In the SSTR and CTRC records, the CERT contains the common name and serial number of the key certificate, and the CERI contains the common name of the issuer and the serial number of an intermediate or root CA. They may also contain the certificate serial number, for example:
CERT=(/C=US/ST=MA/L=Marshfield/O=test.org/OU=Dev/CN=Test
ID/SN=99c0ce01382e6c83)| CERI=(/C=US/ST=MA/L=Marshfield/O=test.org/CN=root CA/SN=da870666bbfb5538) |
Connect:Direct Secure Plus certificate audits may contain the following fields:
Field Name | Abbreviation | Max Lengths (RFC 2459) |
---|---|---|
Common Name | CN | 64 |
Country | C | 2 |
Locality | L | 128 |
State | ST | 128 |
Organization | O | 64 |
Organization Unit | OU | 64 |
Email Address | emailAddress | 128 |
Serial Number | SN | 128 (estimated) |
Access Certificate Audit Logs
Certificate audit information located in the SSTR and CTRC records cannot be accessed directly using Connect:Direct Requester or Sterling Connect:Direct Browser User Interface. To access certificate information, you can issue a query directly to the database or use an SDK-based or JAI-based program to issue a Select Statistics command. The response to the Select Statistics command contains the AuditInfo field of the statistics records, including the SSTR and CTRC records.

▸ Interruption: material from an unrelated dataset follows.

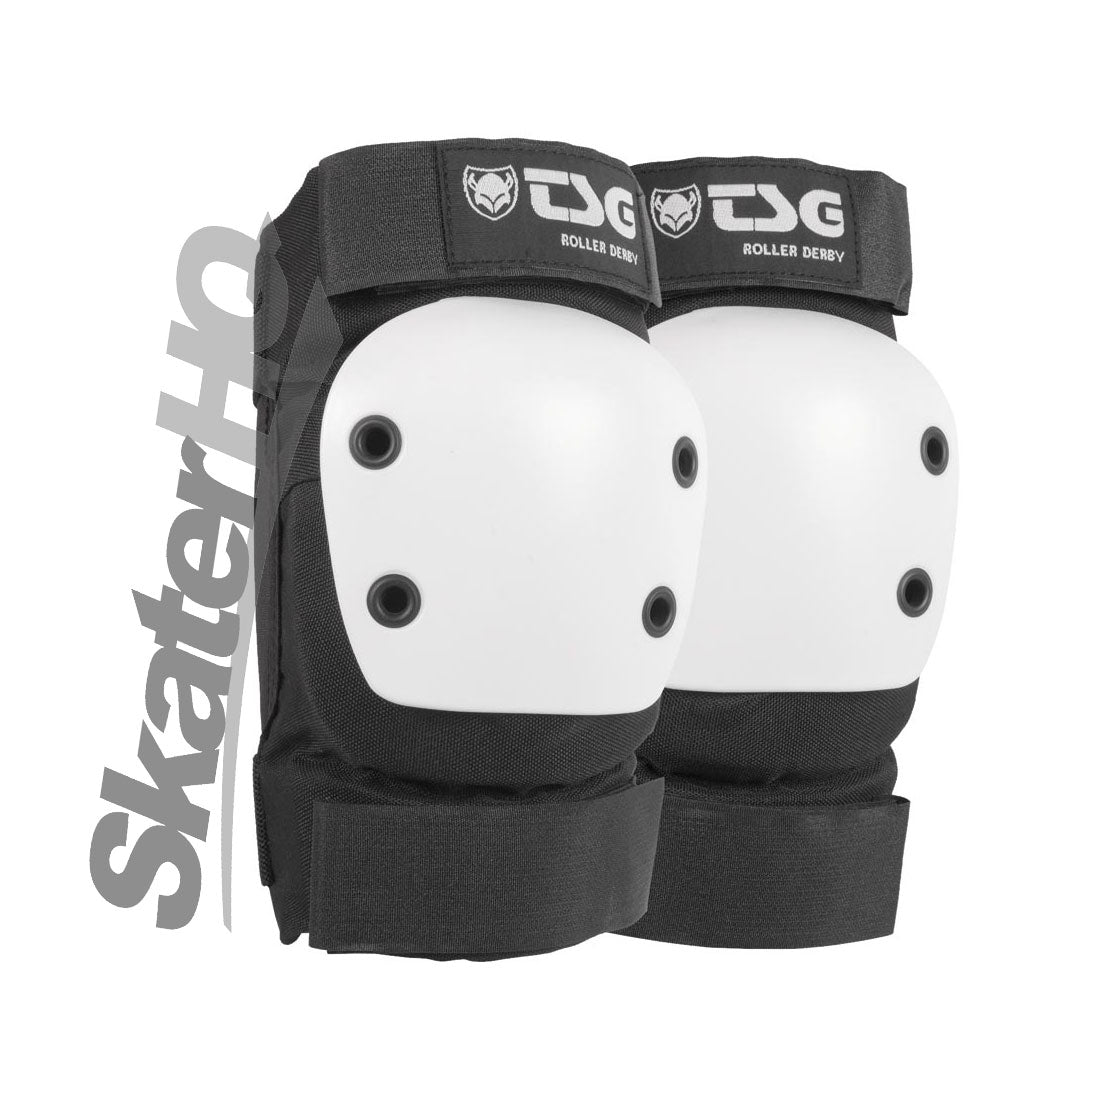 TSG Rollerderby Elbow 2.0 - Small Protective Gear

This field contains certificate audit information.
The following example was generated using a database query. The certificate audit information is highlighted in bold.
'2007-05-21 14:50:27', 2, 'SSTR', 'CAEV', '',
0, '2007-05-21 14:50:26', '2007-05-21 14:50:27', '', '', 'JLYON-XP.4400',
0, 'MSGI=LSMI004I|SBST=(&NODE=JLYON-XP.4400)|PNOD=JLYON-XP.4400|CSPE=Y|CSPP=TLSv1|CSPS=TLS_RSA_WITH_AES_256_CBC_SHA| CERT=(/C=US/ST=MA/L=Marshfield/O=test.org/OU=Dev/ '2007-05-21 14:50:28', 2, 'CTRC', 'CAPR', 'SAMPLE', 1,
'2007-05-21 14:50:27', '2007-05-21 14:50:28', 'JLYON-XP.4400', 'jlyon',
'JLYON-XP.4400', 0, 'MSGI=SCPA000I|LCCD=0|LMSG=SCPA000I|OCCD=0|OMSG=SCPA000I|PNAM=SAMPLE|PNUM=1| |PCRC=N|ETMC=60|ETMK=10|ETMU=0|STSD=2|TZDI=-14400|' |
Certificate Audit Log Error Reporting
If an error occurs when the subject name is extracted from the identity (CERT) or issuer's (CERI) certificates, the following message ID is logged:
CERT=(MSGI=CSPA310E)|CERI=(MSGI=CSPA310E) |
Only the message ID is displayed with the CERT or CERI tokens; the standard IBM Connect:Direct error function is not used. After the error occurs, the session continues.